Every line of the material is to be quoted verbatim, minus the pictures.

SOURCE DATA:
⁂

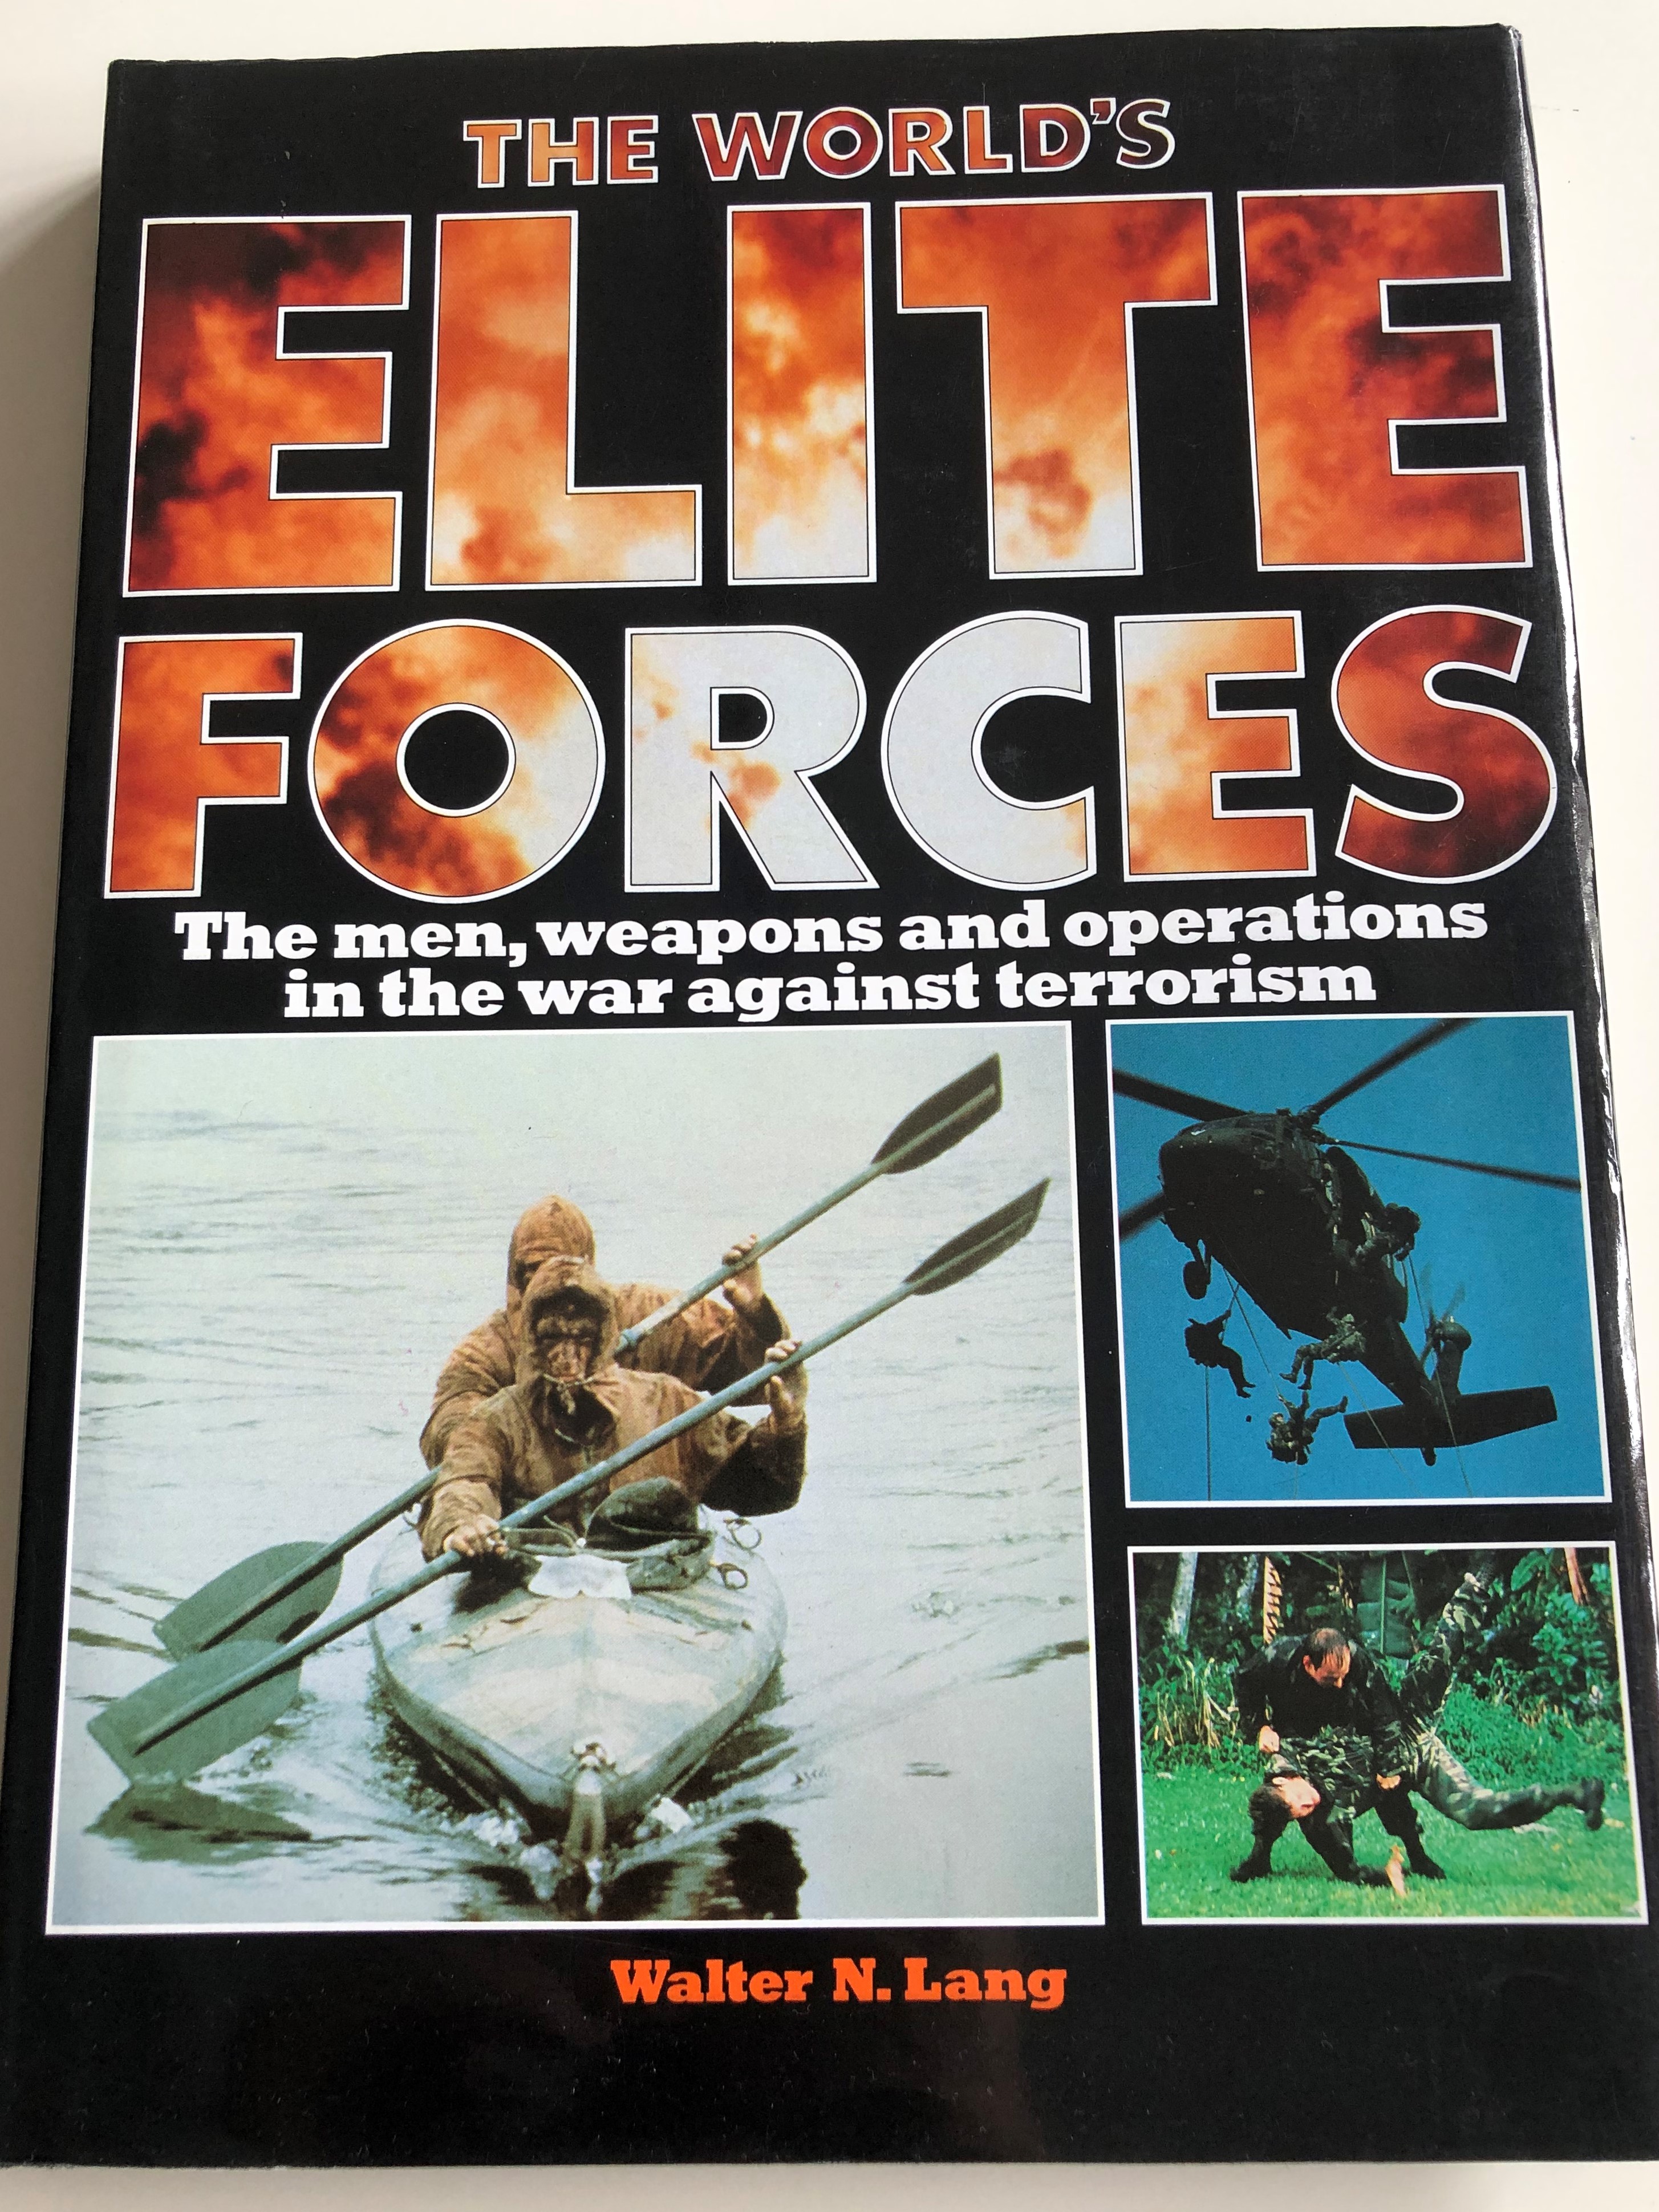 the-world-s-elite-forces-by-walter-n.-lang-the-men-weapons-and-operations-in-the-war-against-terrorism-sas-sbs-seals-gsg-9-french-foreign-legin-spetsnaz-elite-forces-of-the-world-hardcover-1989-salamander-books-1-.jpg
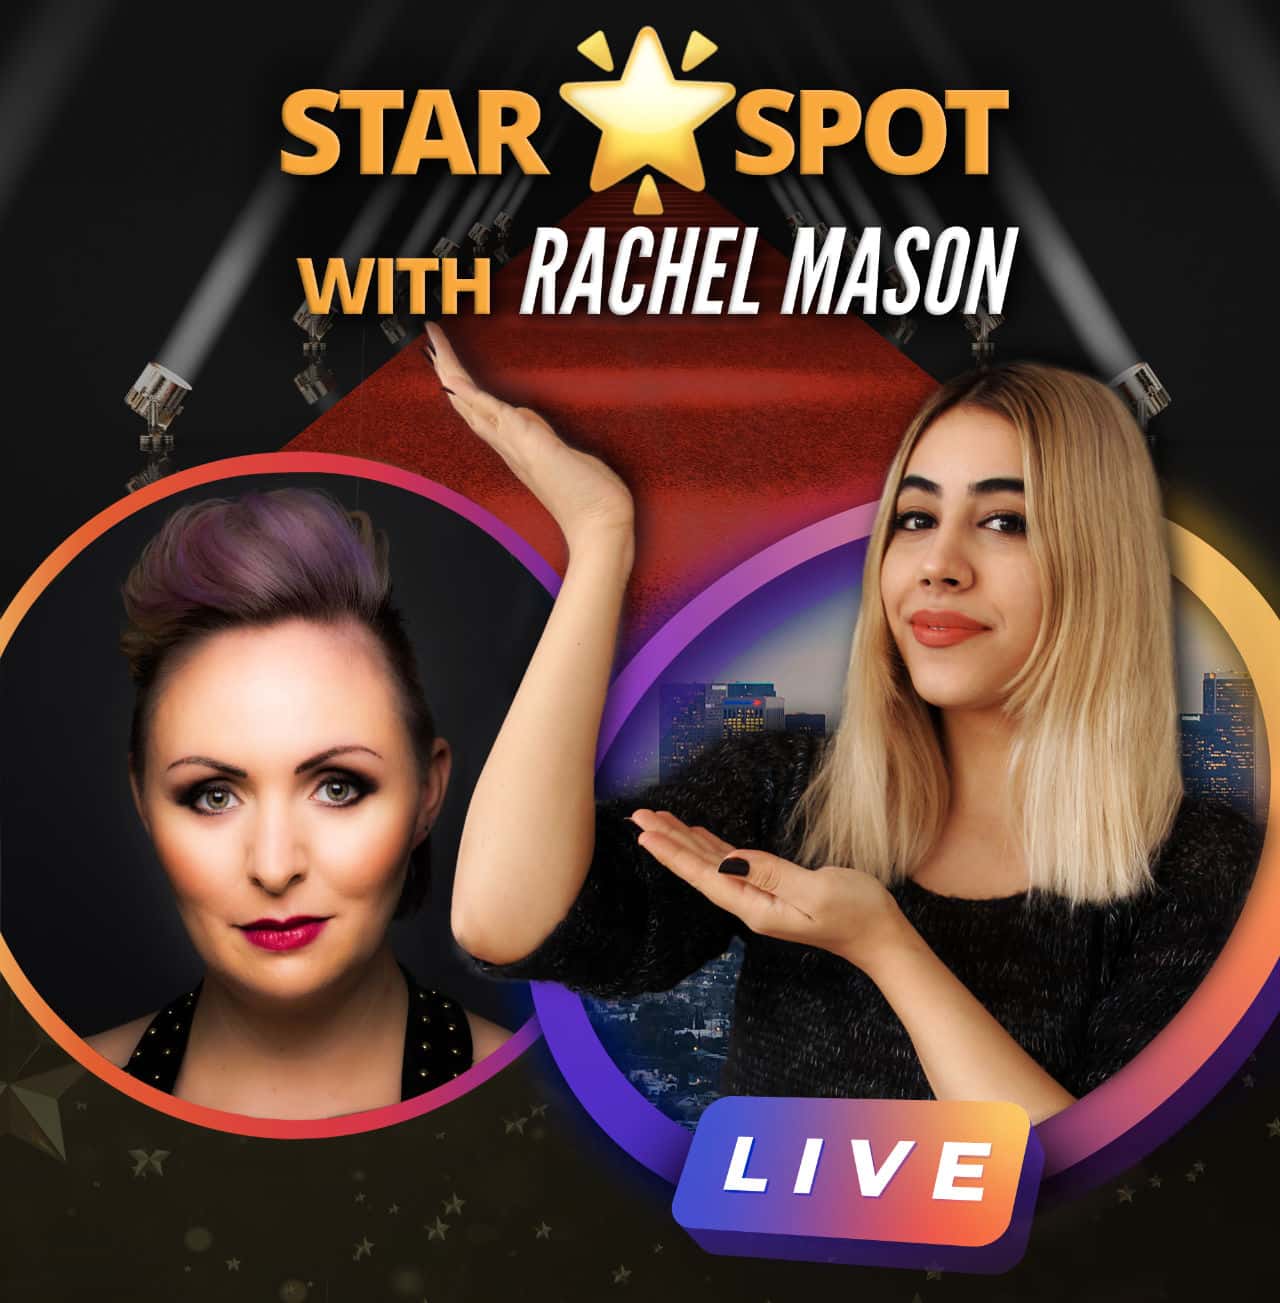 Promotional cover art of Star Spot with Rachel Mason
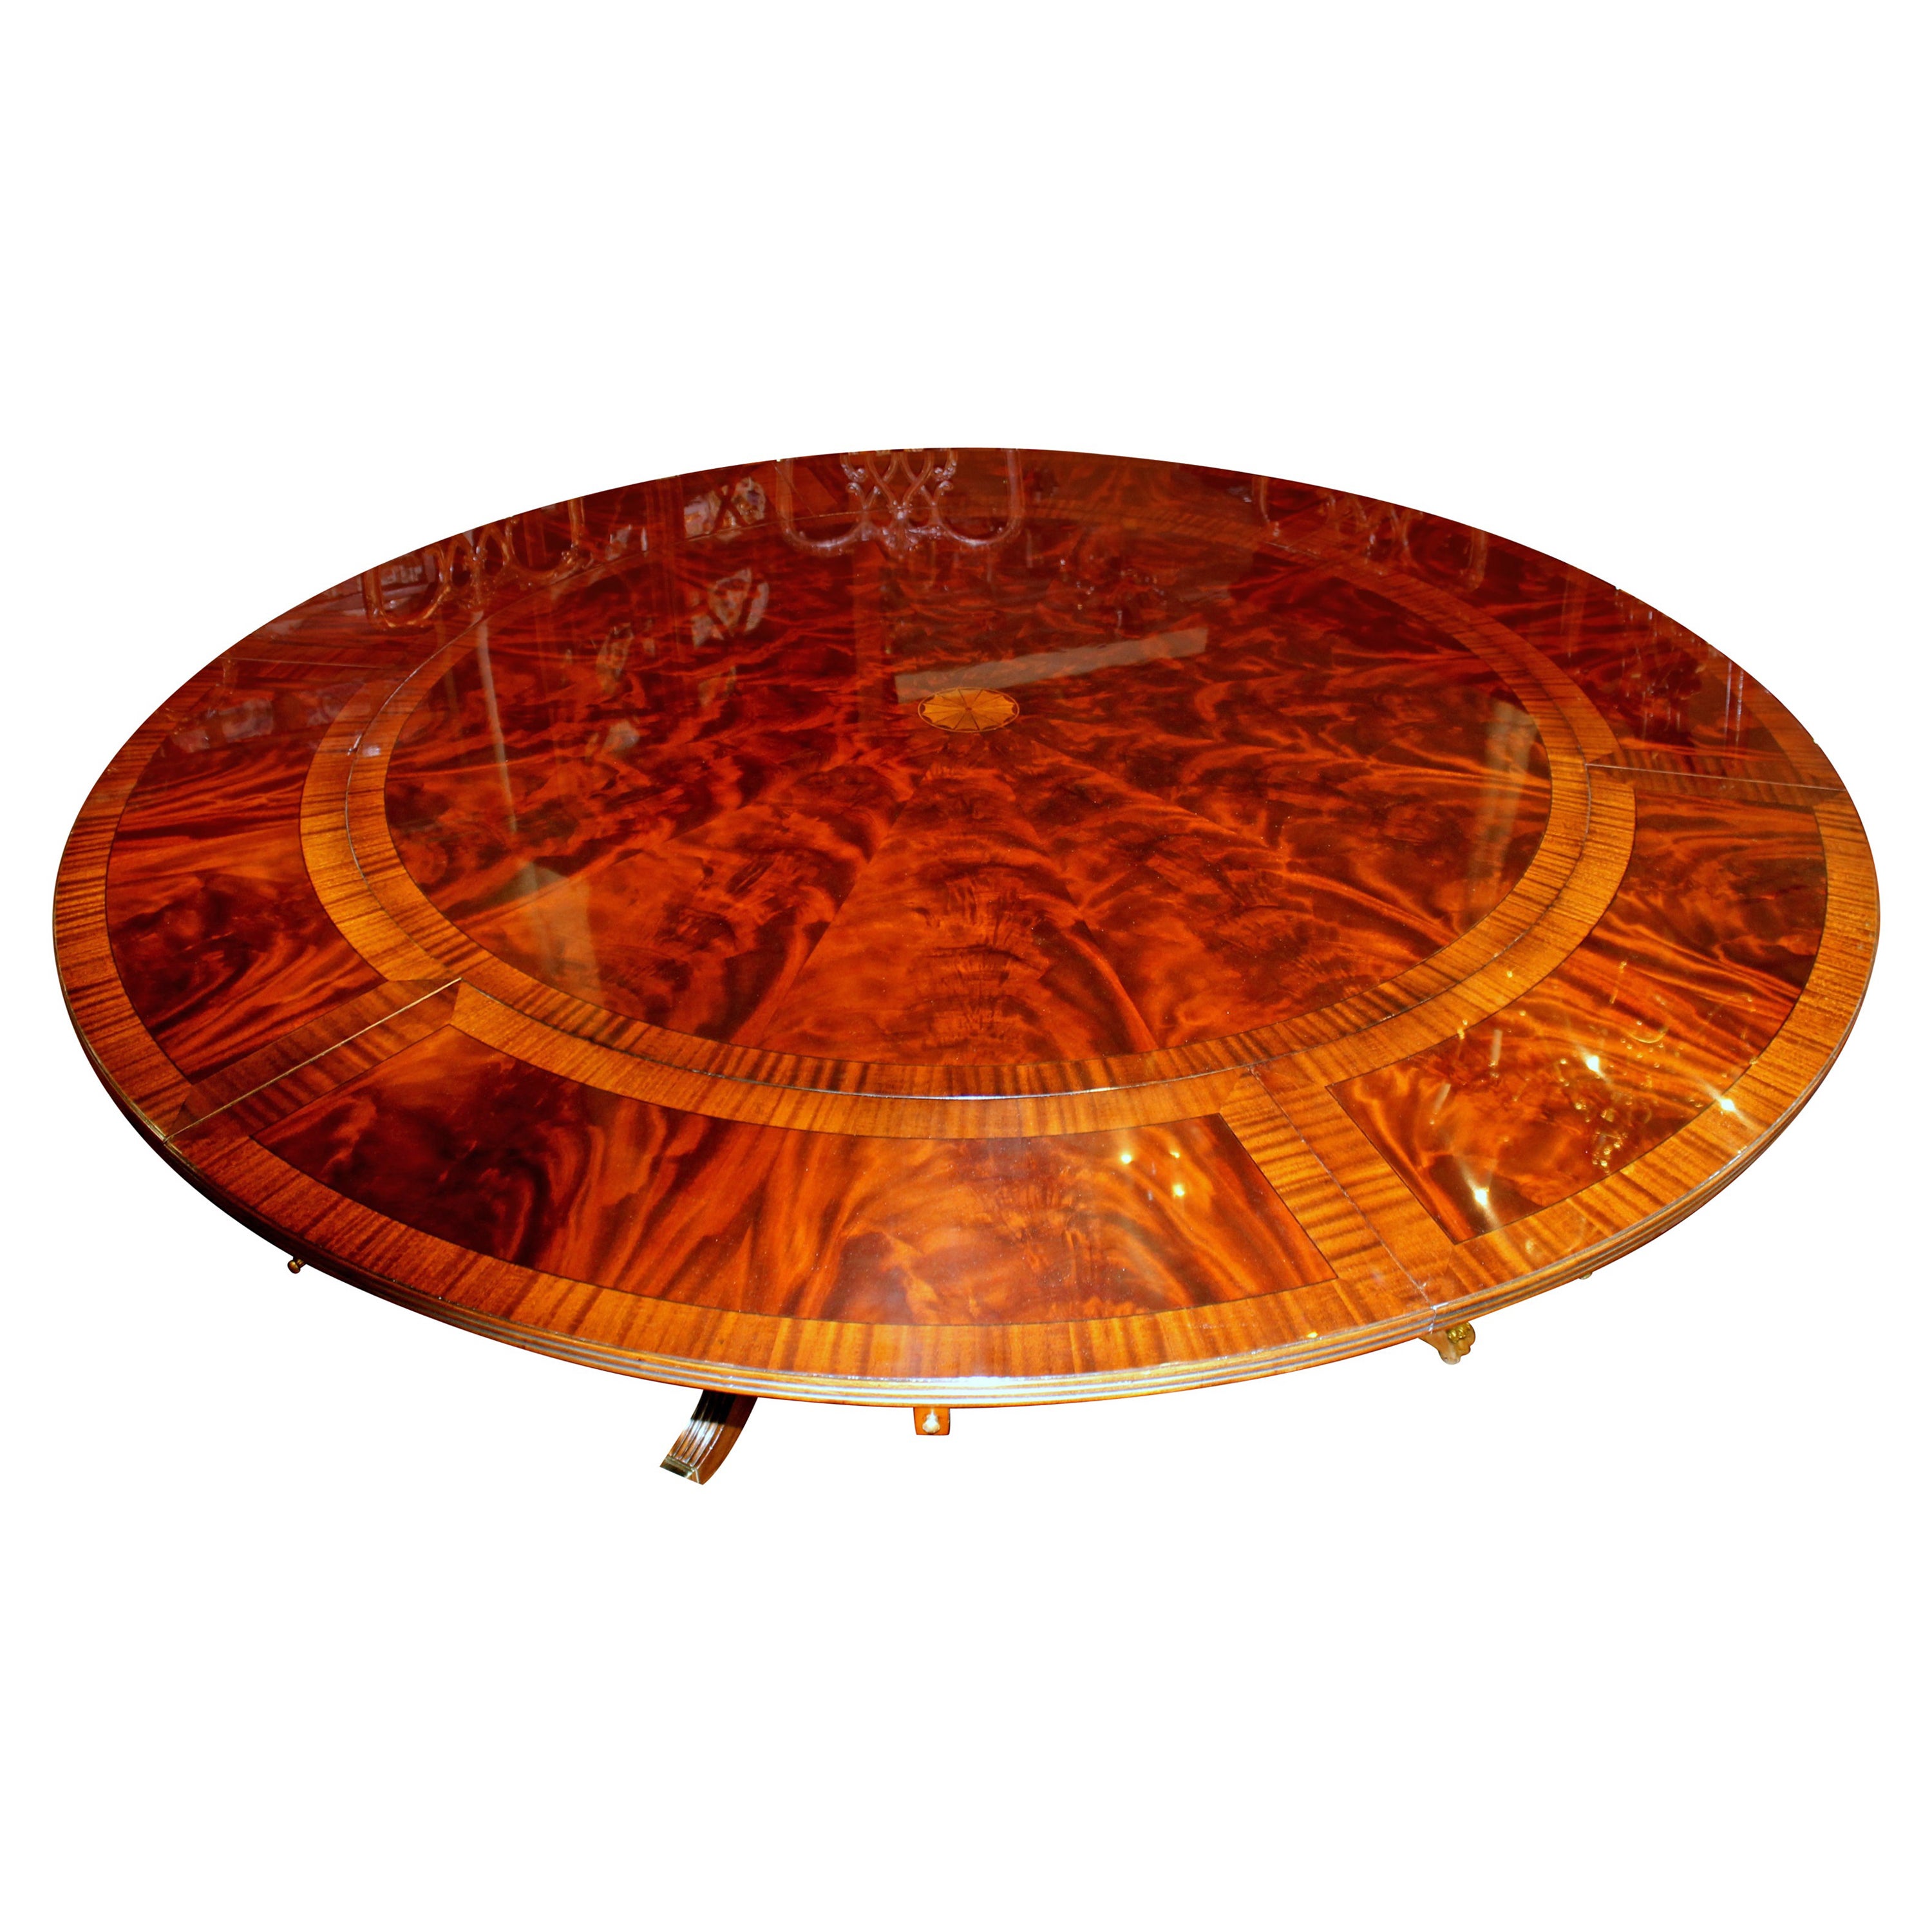 Benchmade Bookmatched Flame Mahogany Perimeter Leaf Circular Dining Table

⁂

ANSWER TO THE EXERCISE:
 the-world-s-elite-forces-by-walter-n.-lang-the-men-weapons-and-operations-in-the-war-against-terrorism-sas-sbs-seals-gsg-9-french-foreign-legin-spetsnaz-elite-forces-of-the-world-hardcover-1989-salamander-books-1-.jpg
 Promotional cover art of Star Spot with Rachel Mason
 Benchmade Bookmatched Flame Mahogany Perimeter Leaf Circular Dining Table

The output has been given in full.